> [EXERCISE DATA]:
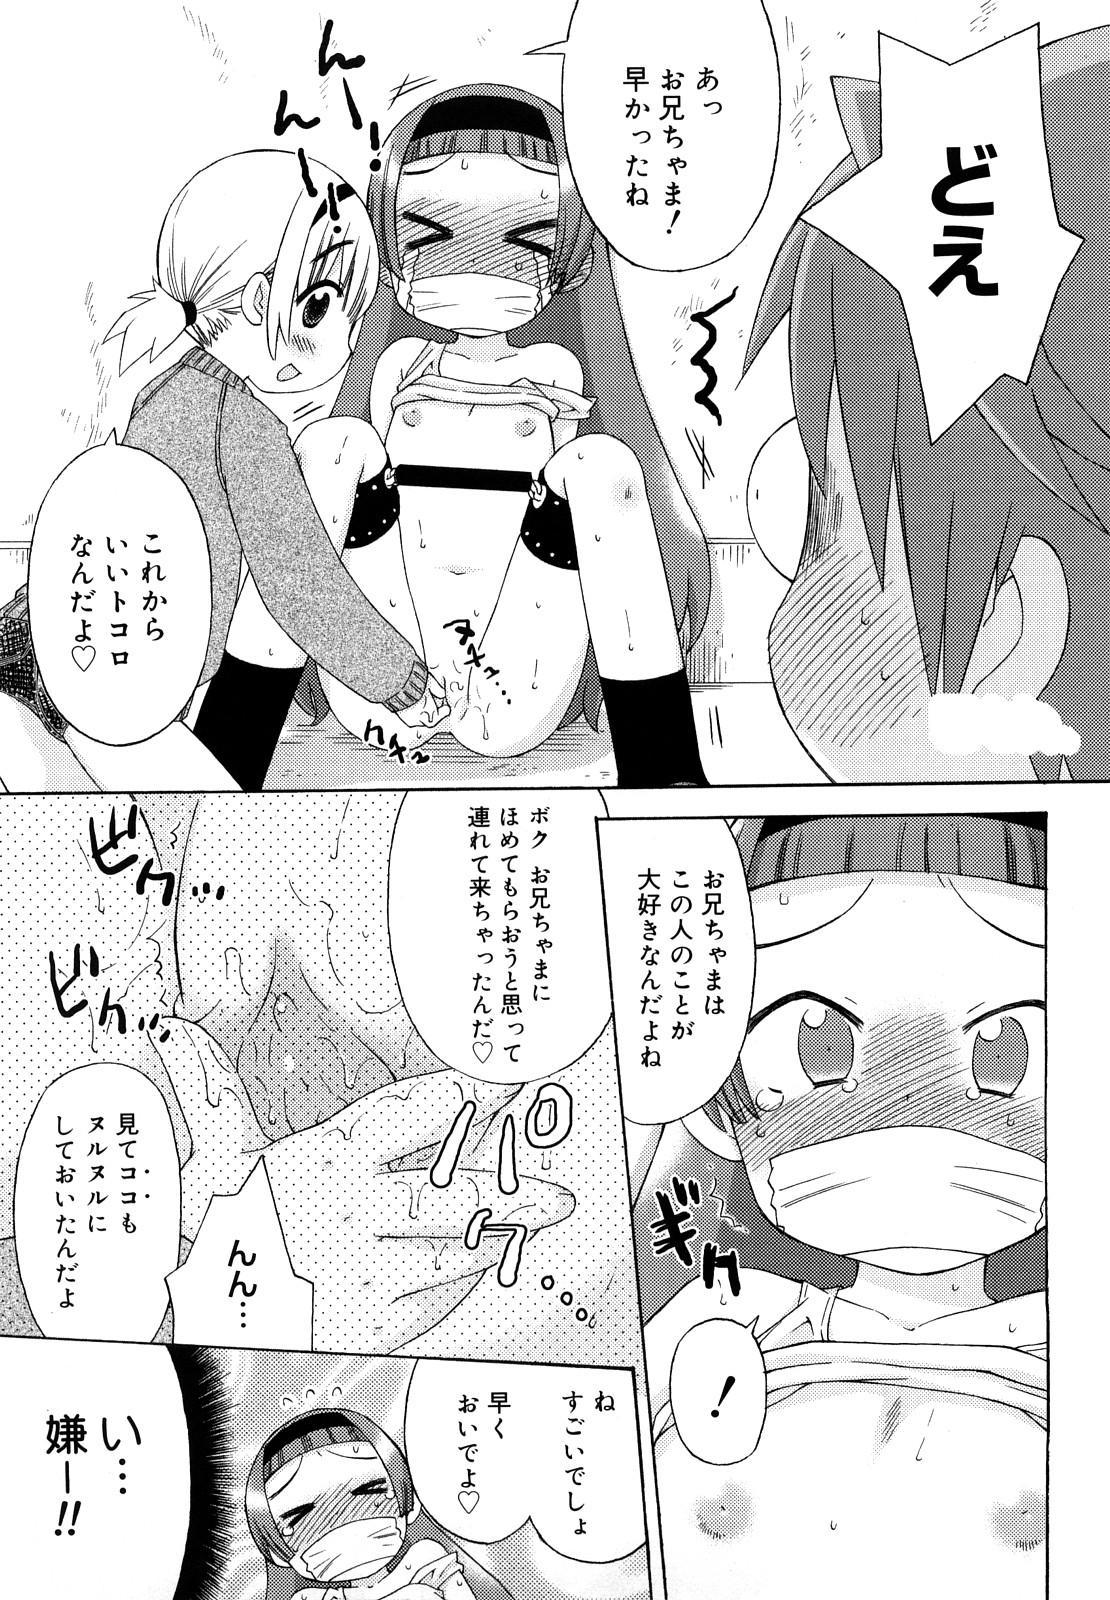 Hatsuden Pandakun! Shinsouban 155
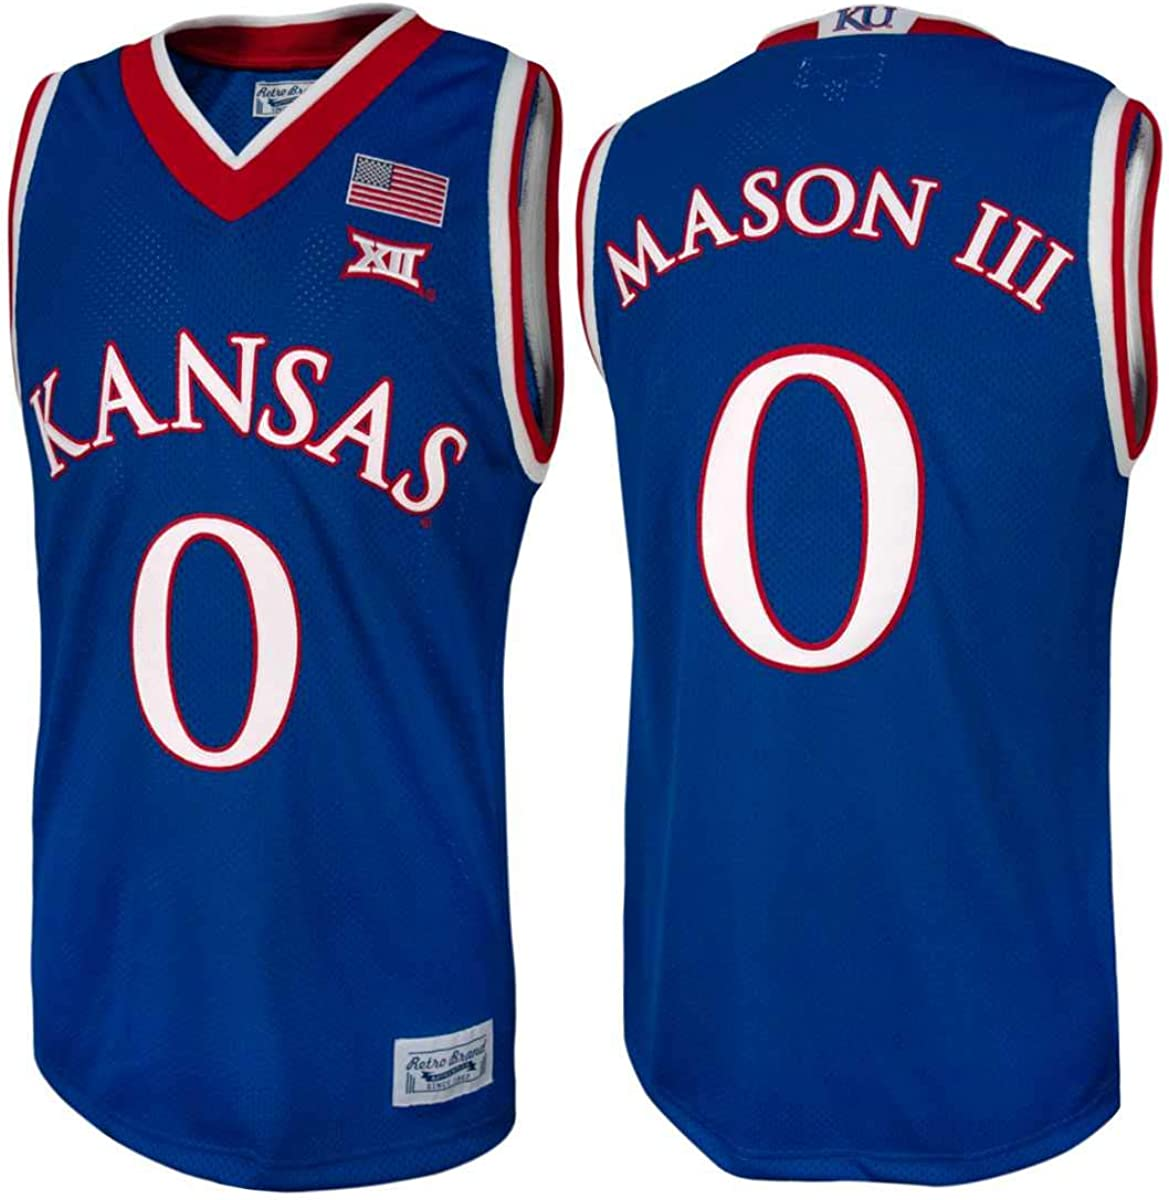 Frank Mason III #0 Retro Brand Authentic Basketball Blue Jersey
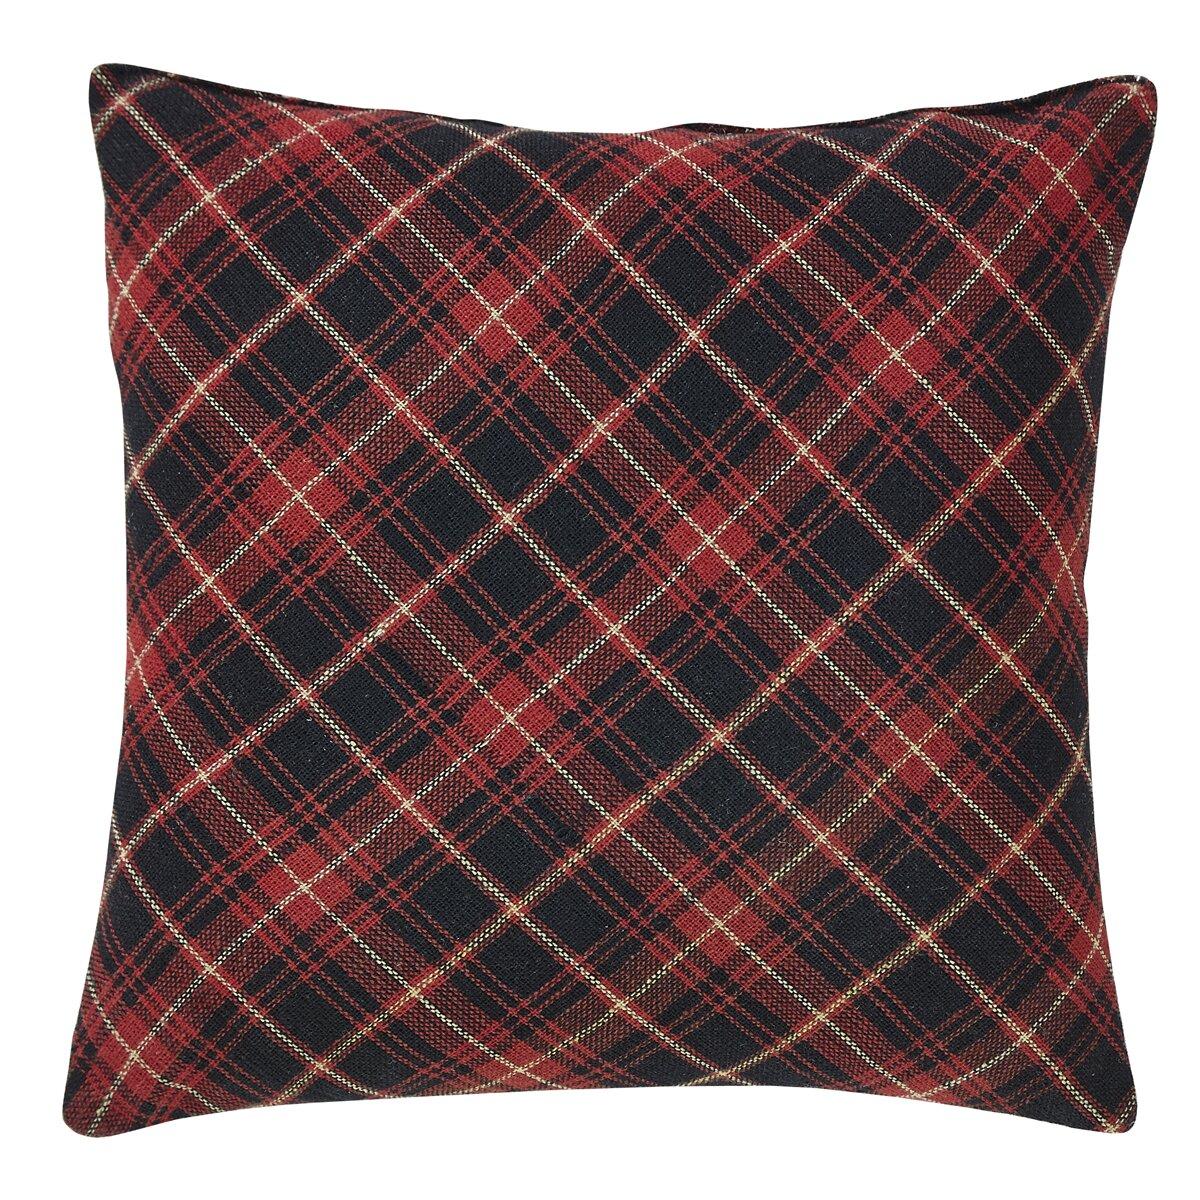 Throw Pillows Set : Charlton Home Seasons Greetings 2 Piece Cotton Throw Pillow Set & Reviews Wayfair.ca

> [TASK STATEMENT]:
Print each line of the listing exactly and include no pictures.

> [OUTPUT OF THE TASK]:
 Hatsuden Pandakun! Shinsouban 155
 Frank Mason III #0 Retro Brand Authentic Basketball Blue Jersey
 Throw Pillows Set : Charlton Home Seasons Greetings 2 Piece Cotton Throw Pillow Set & Reviews Wayfair.ca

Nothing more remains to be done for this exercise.